━━━ DATA SEGMENT ━━━

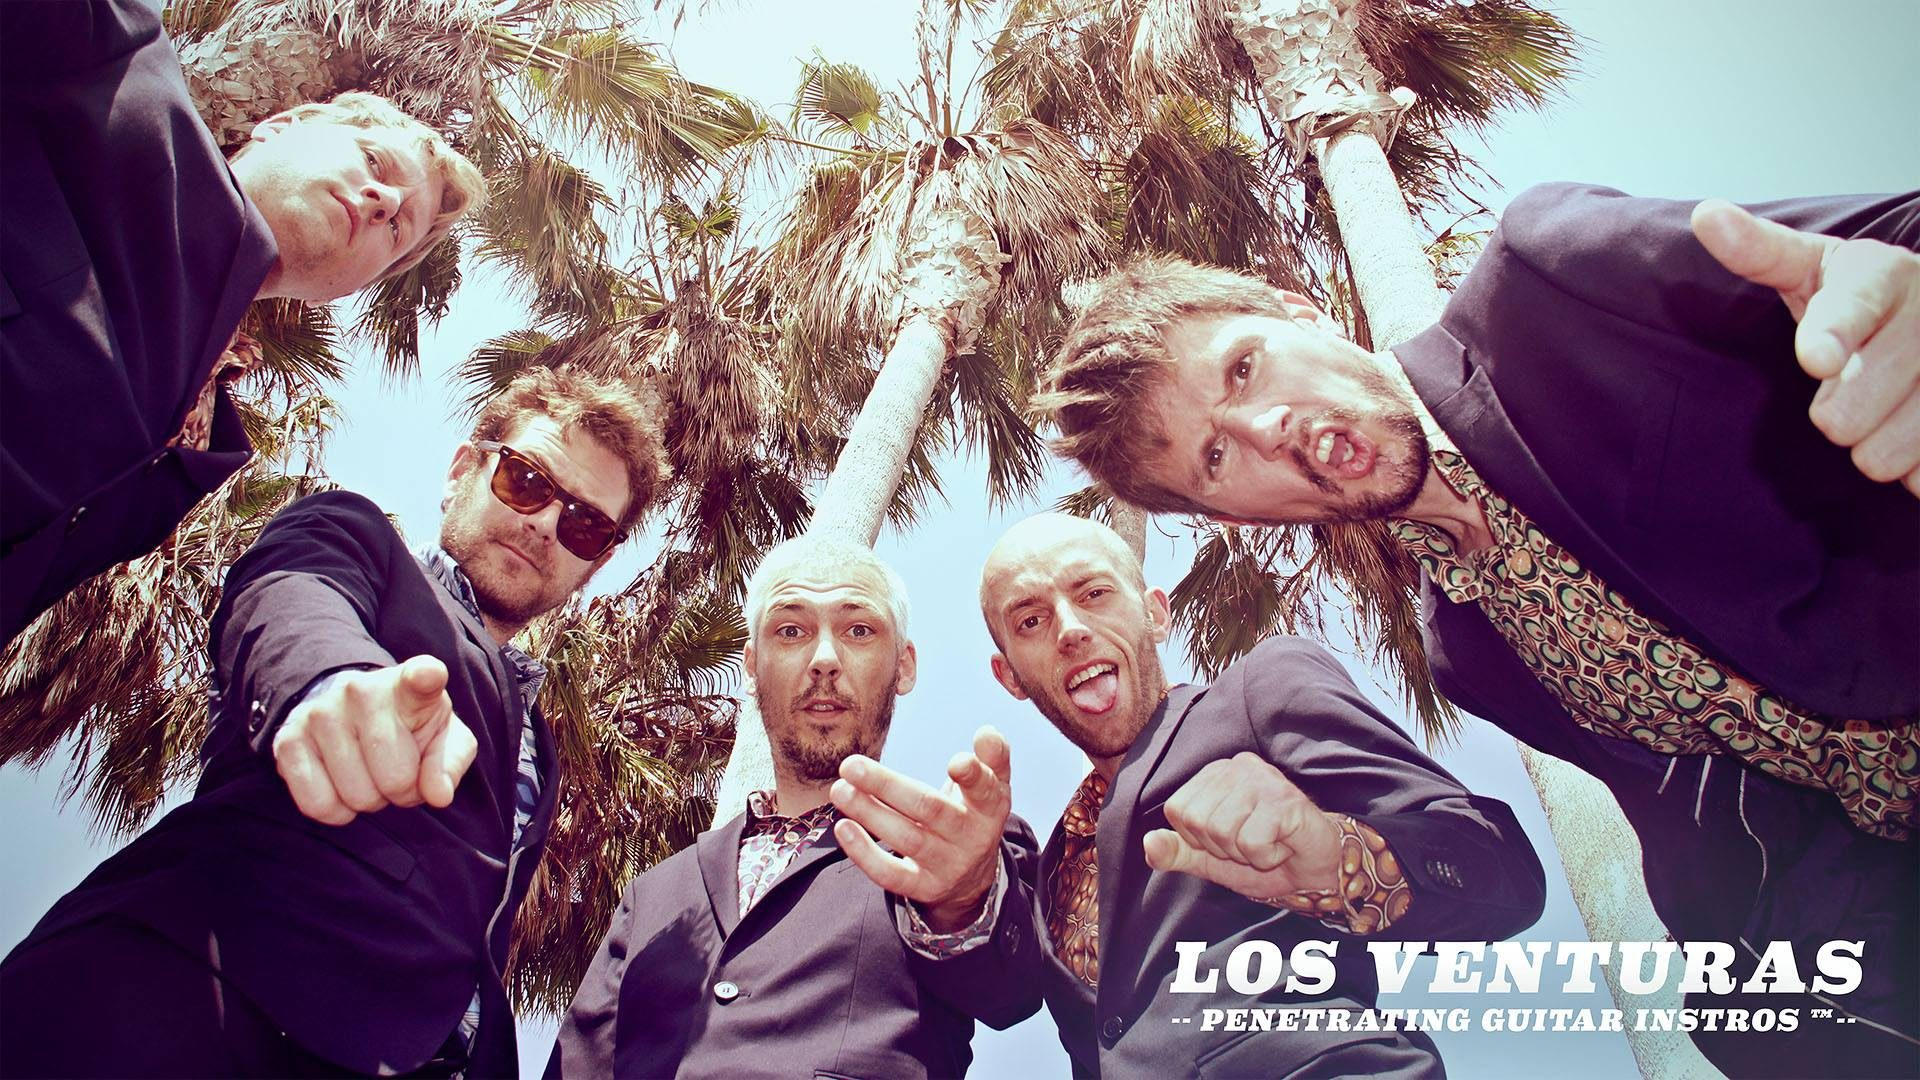 Los Venturas penetrating guitar instros Belgium Green Cookie records promo photo
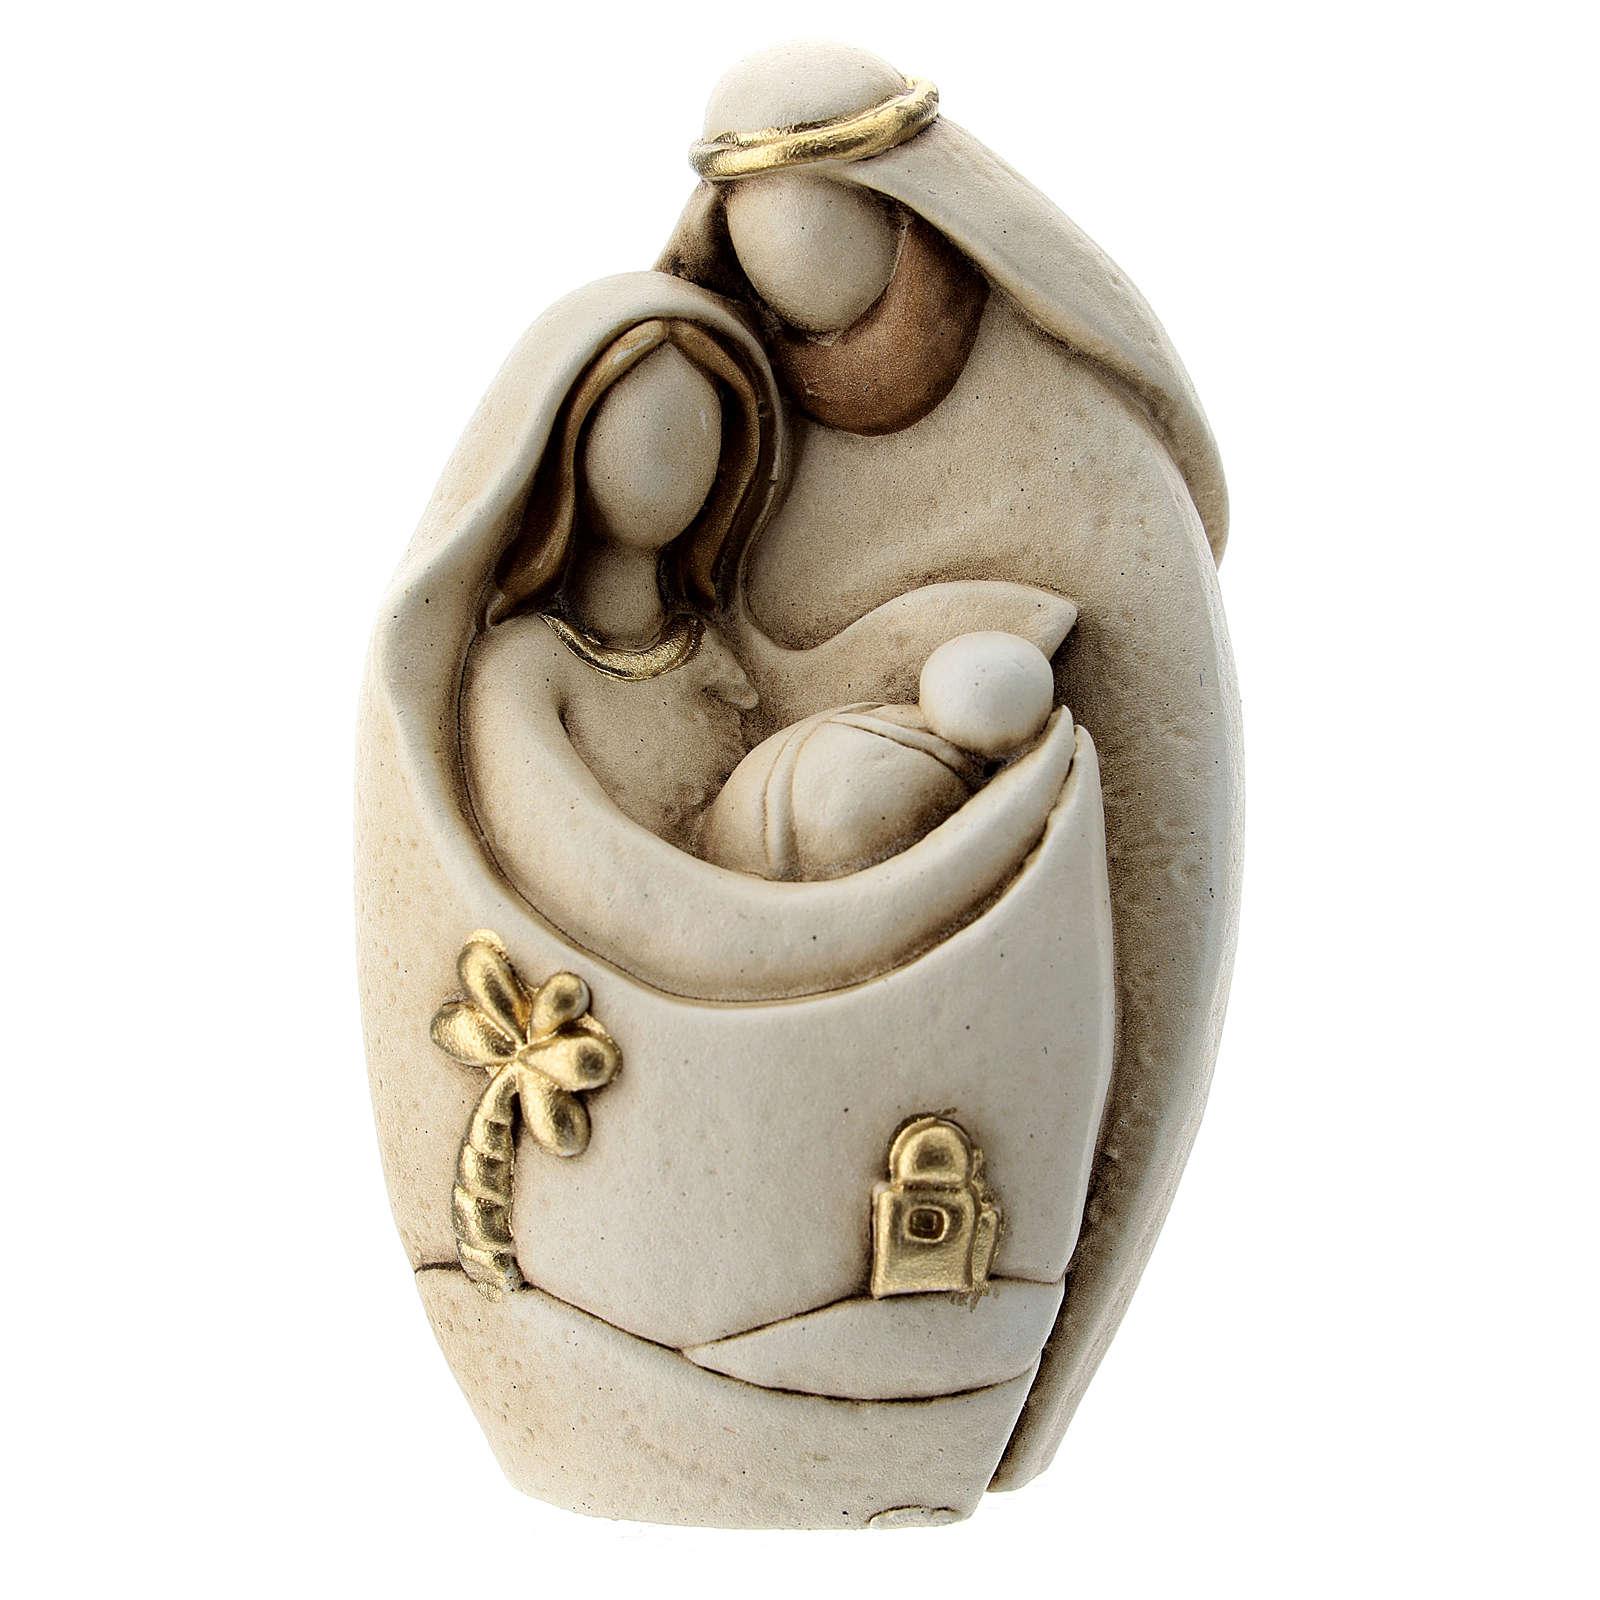 Composizione moderna Natività stile arabo resina 10 cm 3
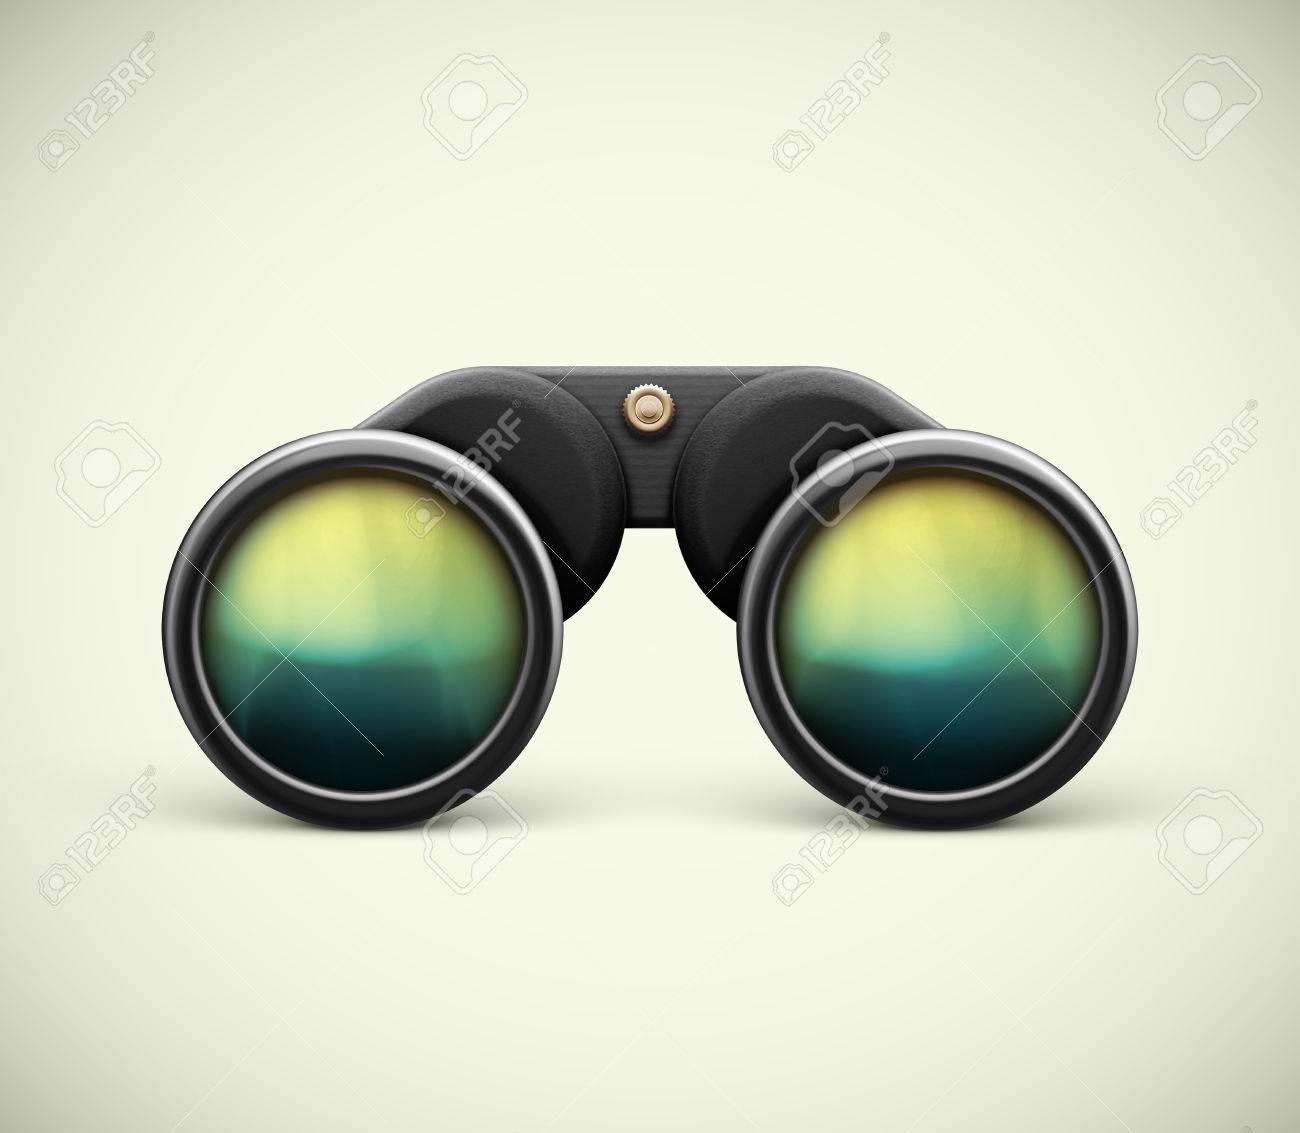 Isolated black binoculars, eps 10 - 33641379

━━━

### [WHAT THIS TASK INVOLVES]
Write the listing above out again exactly, dropping each image.

### [RESPONSE TO THIS TASK]
 Los Venturas penetrating guitar instros Belgium Green Cookie records promo photo
 Composizione moderna Natività stile arabo resina 10 cm 3
 Isolated black binoculars, eps 10 - 33641379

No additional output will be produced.